Vooral strofe twee en drie zoomen in op de specifieke kenmerken van dit ziektebeeld. Het lyrisch ik beseft langs de rand van de afgrond te zijn gegaan. ‘Het gaat goed. Ik ben nog steeds niet doodgebloed’ klinkt rancuneus. Alsof er veel te weinig aandacht voor de emoties van dit ‘onverschrokken meisje’ was. In de eerste en laatste strofe is er veel aandacht voor deze emoties, waardoor het gedicht het specifieke overstijgt. In de zeer persoonlijke ervaring van het beschrevene klinkt door wat ook door patiënten met andere klachten/ziektebeelden herkend kan worden.

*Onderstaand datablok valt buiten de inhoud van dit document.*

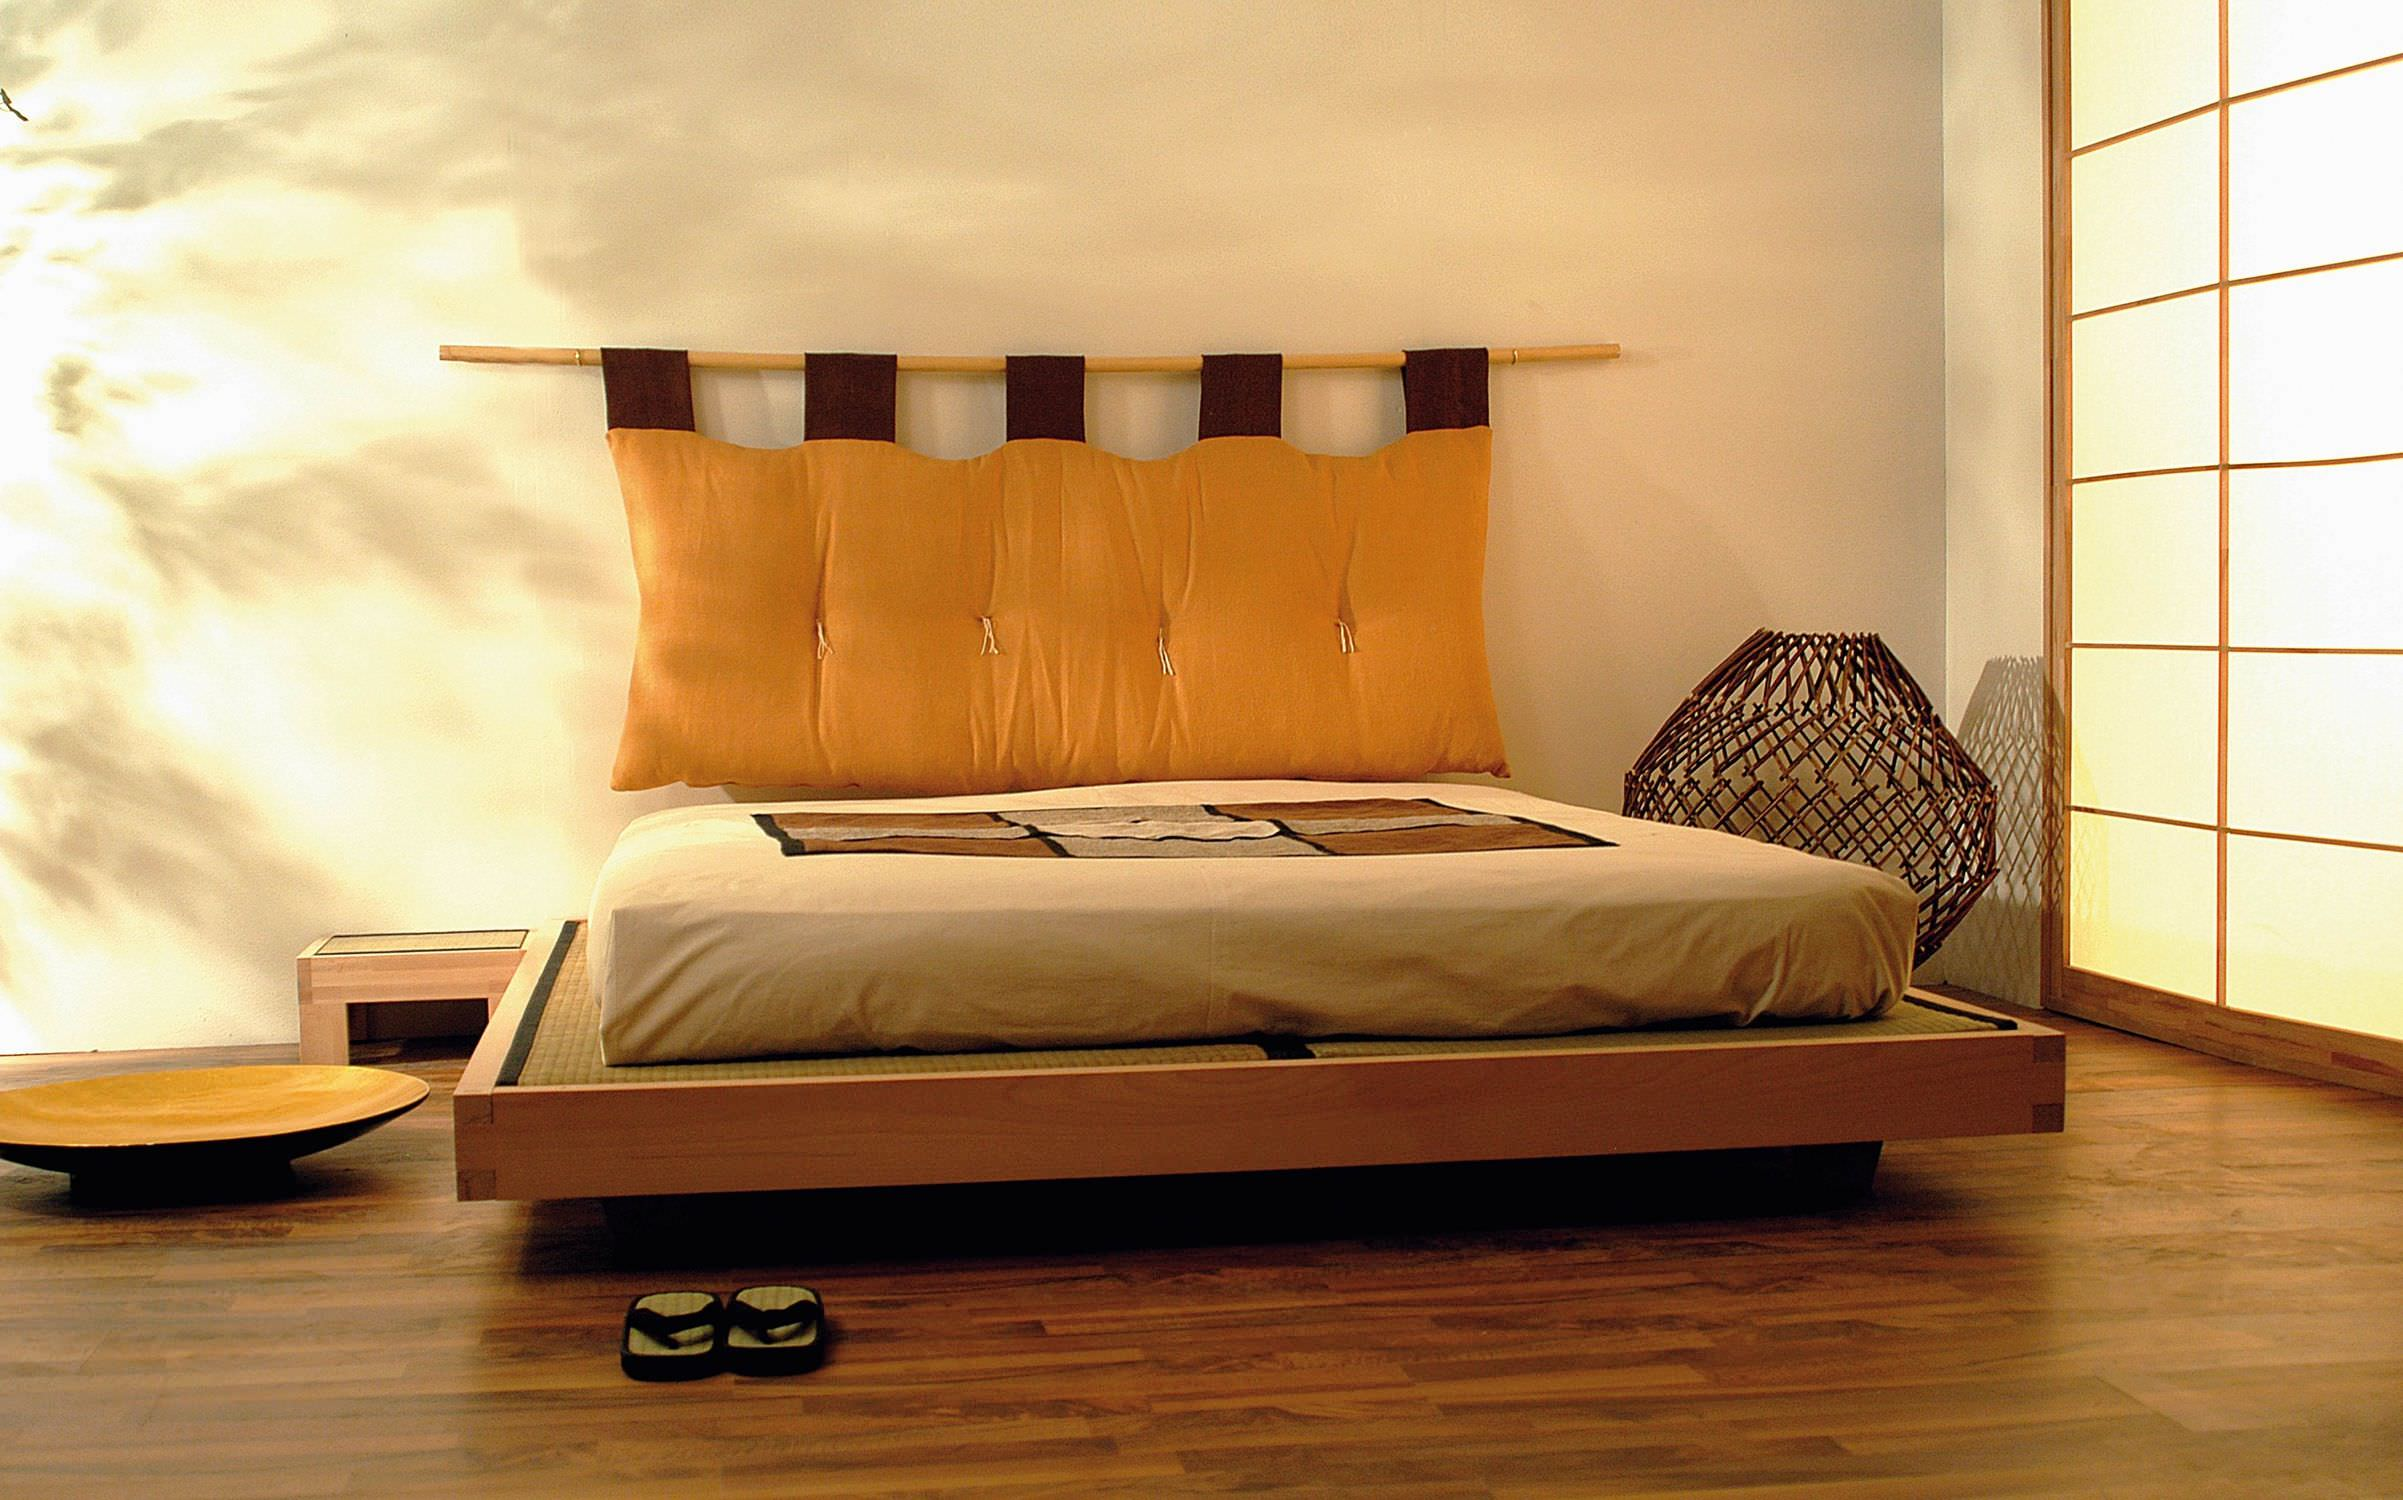 Full Size of Tatami Bett Doppelbett Modern Holz Luna Cinius Chesterfield Massiv 180x200 120x200 Mit Matratze Und Lattenrost Wohnwert Betten Kiefer 90x200 Aufbewahrung Bett Tatami Bett

De doodsangst wordt beeldend onder woorden gebracht, waarbij het ‘ik’ houvast probeert te vinden aan religieuze (protestants christelijke) zekerheden: hemelkoren, herrijzenis. Maar de twijfel in r5 betreft niet alleen twijfel aan de behandeling, maar ook twijfel aan het geloof. In de laatste strofe lezen we ‘als toeval het beschikt’, een variatie op ‘de mens wikt, God beschikt’. Het gedicht mondt uit in een climax: ‘godvergeten ziek’, “Mijn God, mijn God, waarom hebt Gij mij verlaten?”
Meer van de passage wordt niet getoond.